The statements and views expressed in the postings on the Ocean & Offshore Energy Projects and Policy Blog are my own and do not reflect those of Nixon Peabody LLP. This Blog does not provide specific legal advice. Reading or visiting this Blog does not create an attorney client relationship. This Blog should not be used as a substitute for competent legal advice from a licensed professional attorney in your state.

Wednesday, April 25, 2012

Offshore Energy Blog Author Featured in Law360: BOEM Requests Comments on Limited Lease for New Hydrokinetic Technology

It's been relatively quiet in the U.S. offshore wind industry lately, so it's great to see some movement in other ocean-energy development projects. Yesterday, BOEM announced that it has published a Notice in the Federal Register announcing the beginning of a 30 day public comment period on an environmental assessment that considers the effects of issuing a lease for testing equipment designed to use the force of ocean currents to generate renewable energy.
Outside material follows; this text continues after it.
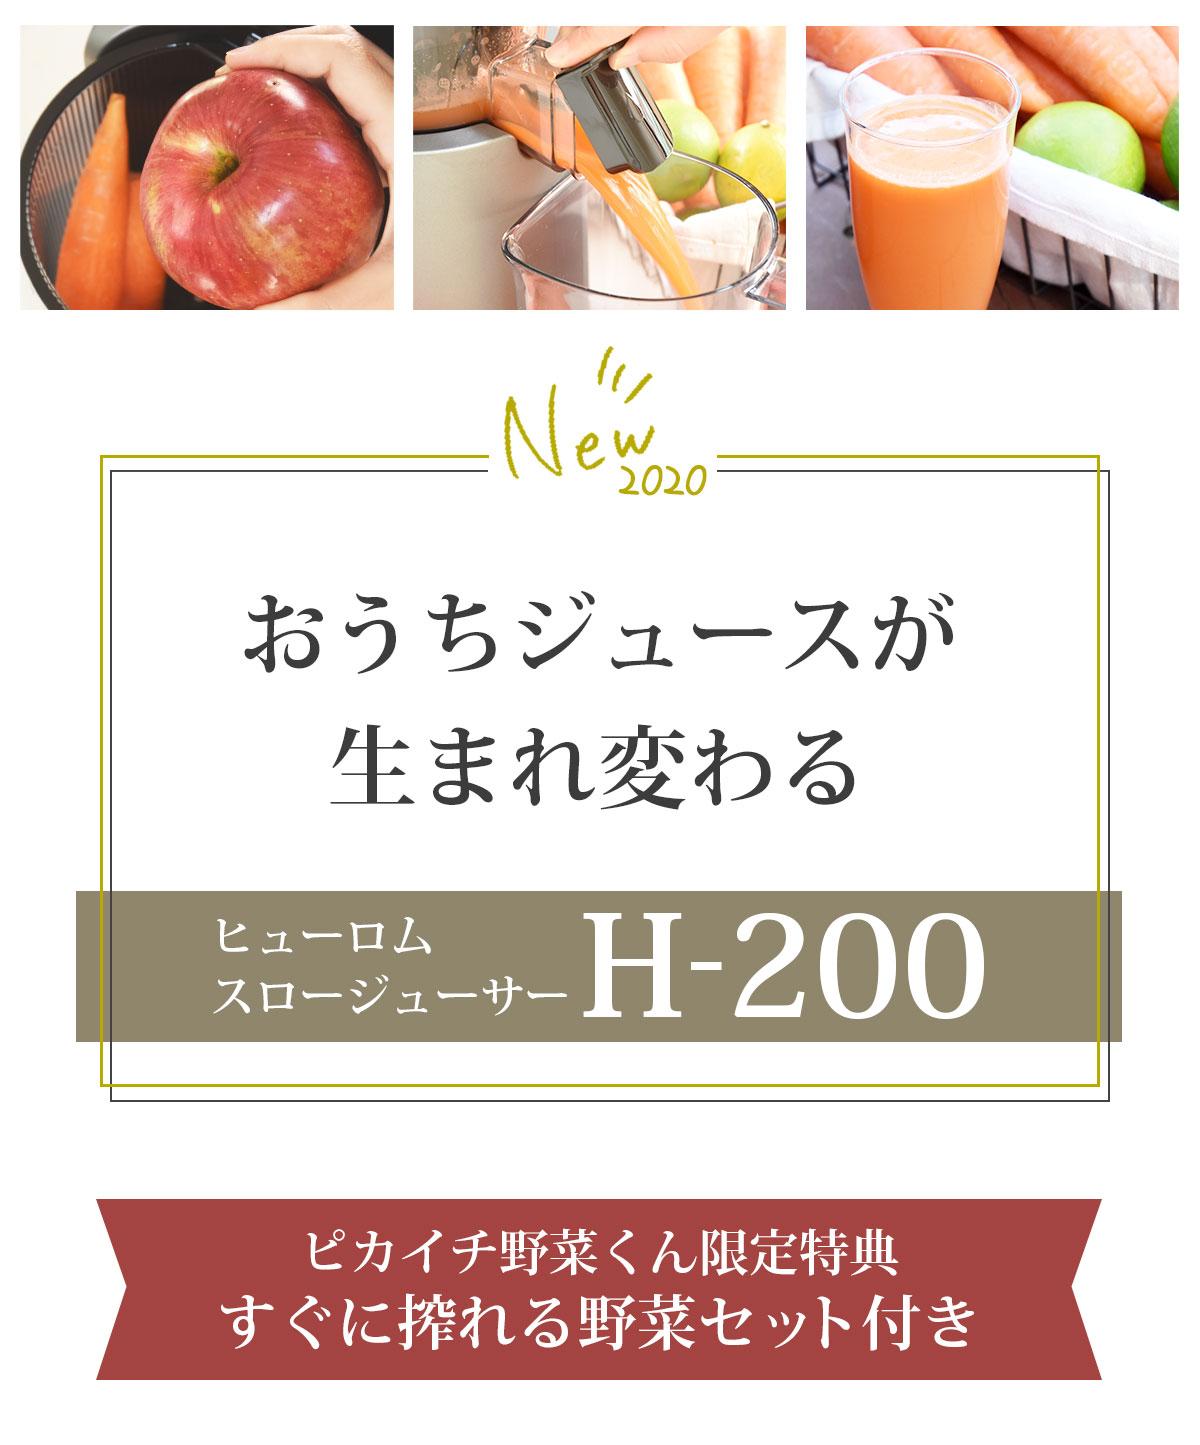 ヒューロムスロージューサーH-200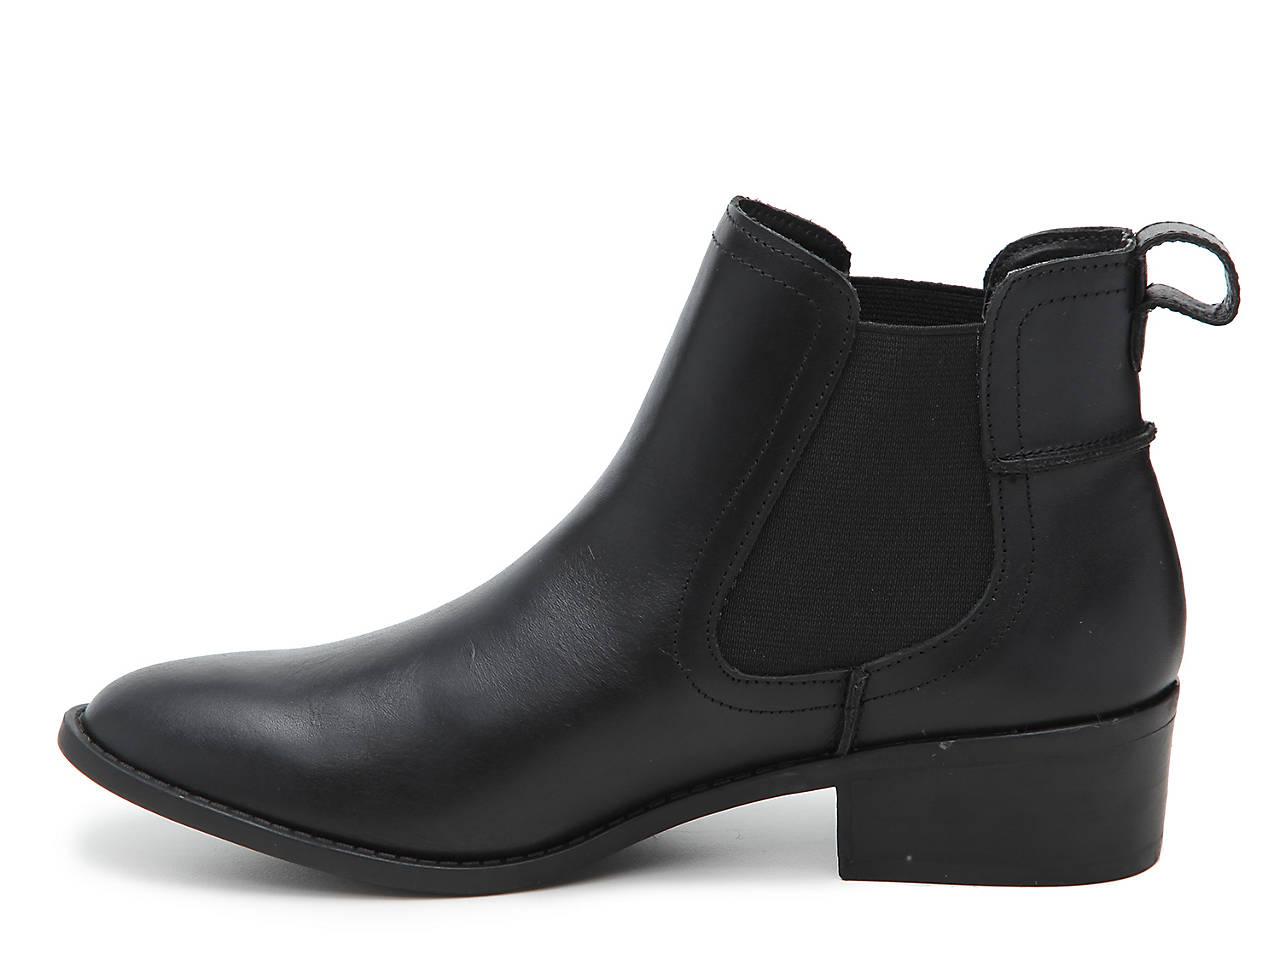 ac9884f873b6 Steve Madden Drape Chelsea Boot Women s Shoes

The lease would be the first limited lease granted for the purpose of testing experimental hydrokinetic devices that produce energy from ocean and tidal currents on the outer continental shelf.  The applicant, Florida Atlantic University, hopes that the lease will lead to the development of successful power-producing hydrokinetic instruments that can be deployed for commercial energy production.  The proposed lease area is 17,080 total acres and is located approximately nine to 15 nautical miles offshore Fort Lauderdale.

Law360 published an article including additional details about the project and featuring the following third party commentary from yours truly:
Energy and project finance attorneys are keeping a close eye on new hydropower technologies, like the ones Florida Atlantic University seeks to test, according to Jennifer Simon Lento of Nixon Peabody LLP, an attorney who writes an offshore energy blog.
Despite advances in land-based wind and solar power, the U.S.' enormous clean energy resources remain underutilized, and efforts to increase offshore energy production deserve support, Lento said.
“This is a very important intermediary step to progressing a new ocean-based energy technology, but it's still an early step," Lento said. “Any time I see the government clearing the way to allow one of these other technologies to move forward, it can only be a good thing.”